Up to 25 million dollars for his head

"Justice has been served, and we have taken down this terrorist leader," Biden proclaimed in his White House address, then remarked on the immovable principle of revenge: "No matter how much work it takes, no matter where he hides, if someone is a threat to our people, America will find him and take him out". 

Included on the FBI's list of most wanted terrorists, Al-Zawahiri's head had a reward of 25 million dollars, roughly the same as in euros at the current exchange rate, which is likely to be shared by the informants who tracked his movements and tracked his whereabouts in Kabul itself. He had arrived in the Afghan capital after twenty years of hiding in the mountains of neighbouring Pakistan, taking advantage of the stampede of the departure of international troops and the hasty final evacuation of US troops. 

If printed on paper, Ayman al-Zawahiri's dossier would take up entire wardrobes. Researchers who have retraced his steps almost unanimously consider him to be the real mastermind of the 11 September 2001 attacks on New York and Washington, which killed almost 3,000 people. In reality, that simultaneous attack on the Twin Towers and the Pentagon, which in reality also targeted the Capitol and the White House, was the culmination of a strategy, attributed to Al-Zawahiri himself, of systematic attacks on American interests. This strategy began with the attacks on the US embassies in Kenya and Tanzania, which left 200 dead and 5,000 wounded, and continued with the daring attack on the USS Cole in Yemen, which left another 17 Marines dead.

All-out war on the West

The "success" of 9/11 prompted Bin Laden and al-Zawahiri to continue with their strategy, which took the form of multiple attacks on Madrid and London just three years later. Zawahiri himself referred to all of them in a video, dated late 2005, in which he explicitly referred to Madrid, London, New York and Washington as "scenarios where we have succeeded in destroying the enemy". 

The Al-Qaeda leader's last appearance, also in a video, came earlier this year, shortly after the Russian invasion of Ukraine began, in which he singled out the United States for blame for the war. It was the latest partial indictment in the general blaming of the West as the supposed cause of the ills afflicting the Arab world. For that war, it was also Zawahiri himself who united Al-Qaeda and Islamic Jihad.

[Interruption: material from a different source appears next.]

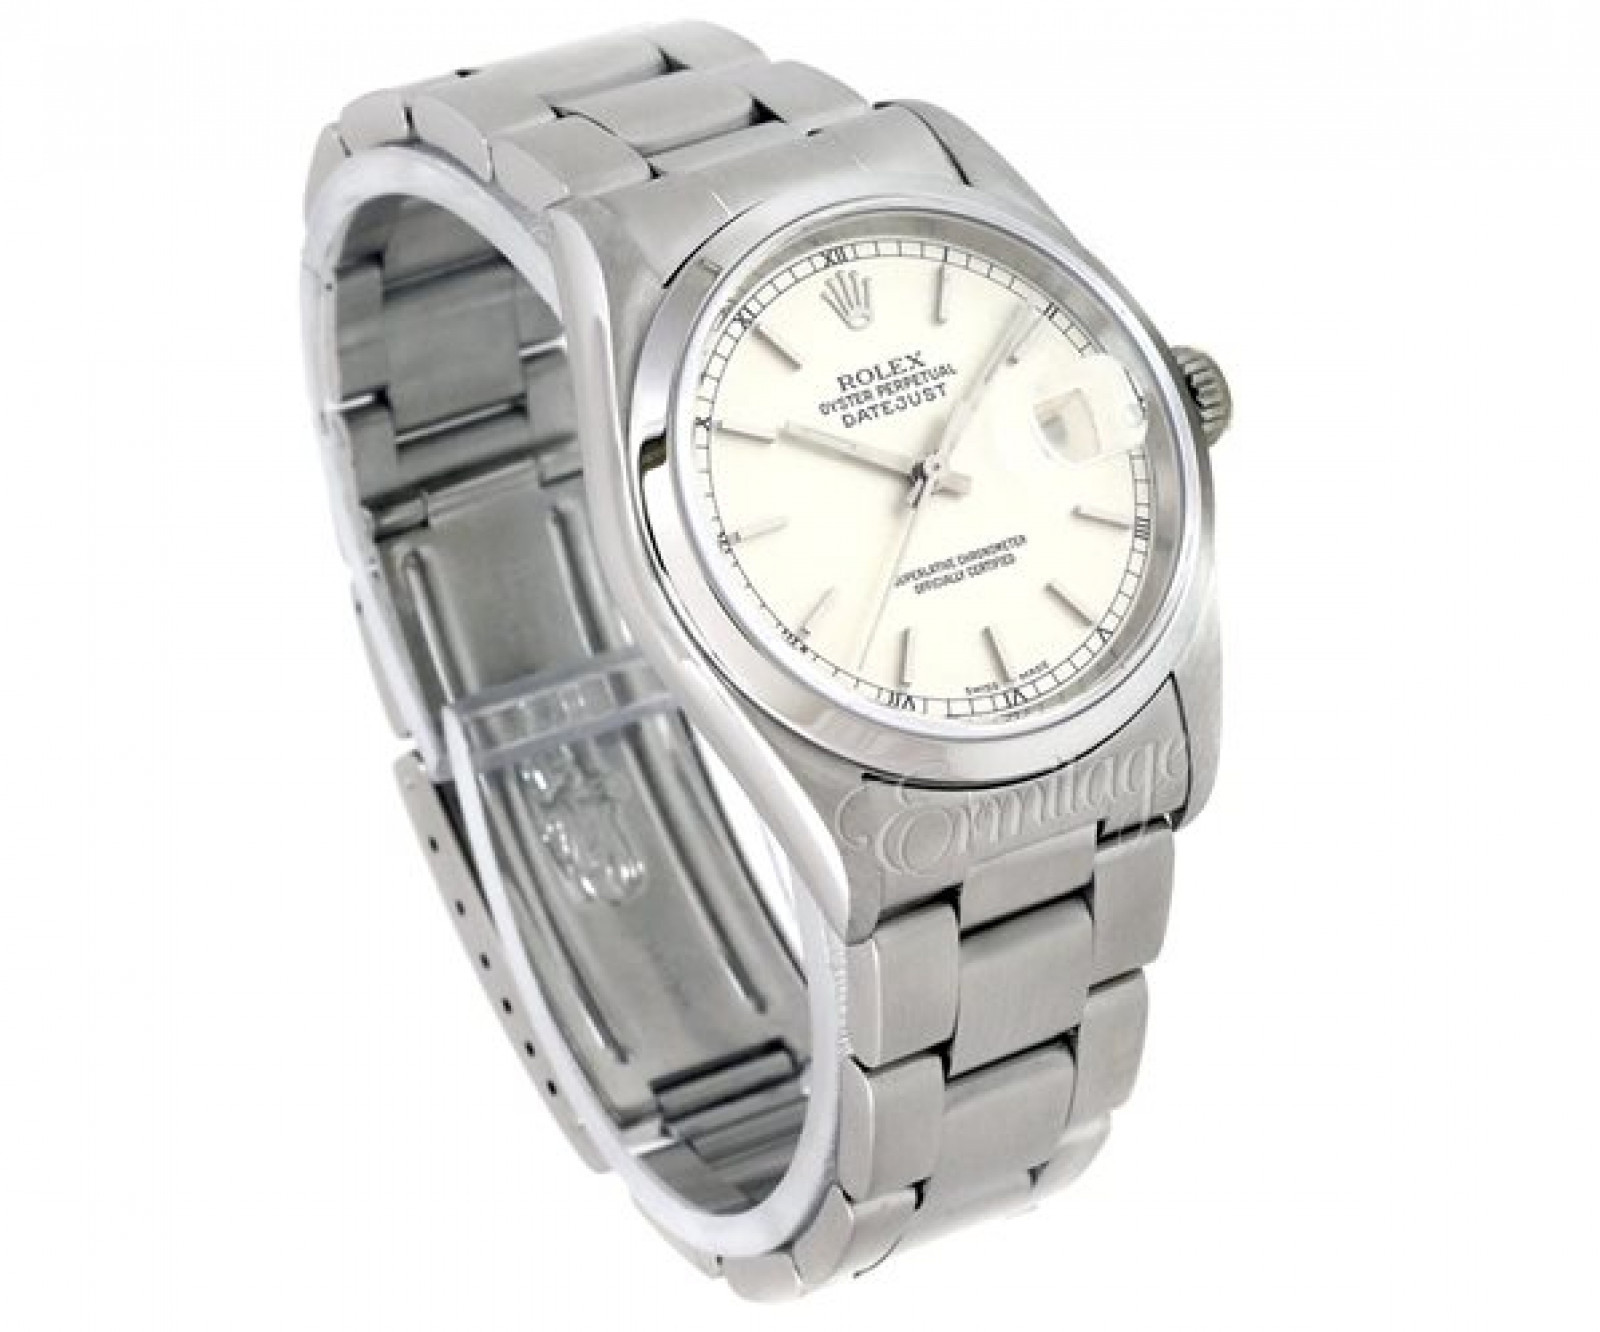 Rolex Datejust 16200 with Oyster Bracelet

His subsequent weakness in the face of Daesh led him to grant Al-Qaeda franchises in the Sahel, the Arabian Peninsula and South Asia, although today it is Daesh that has imposed its primacy in Syria, Iraq and Afghanistan itself.  

Thus ends the eventful life of Al-Zawahiri, born in Egypt in 1951 into a wealthy and influential family, so much so that his grandfather was imam of the Al-Azhar mosque in Cairo, the main focus of intellectual projection of Sunni Islam, and his great-uncle Abdel Rahman Azzam was the first secretary of the Arab League. 

For his part, with this execution Biden has his own trophy on the list of presidents who have exacted their revenge. Most recently, his own predecessors: Barack Obama was responsible for announcing Bin Laden's death in 2011, and Donald Trump, in 2019, that of Daesh leader Abubakr al-Baghdadi.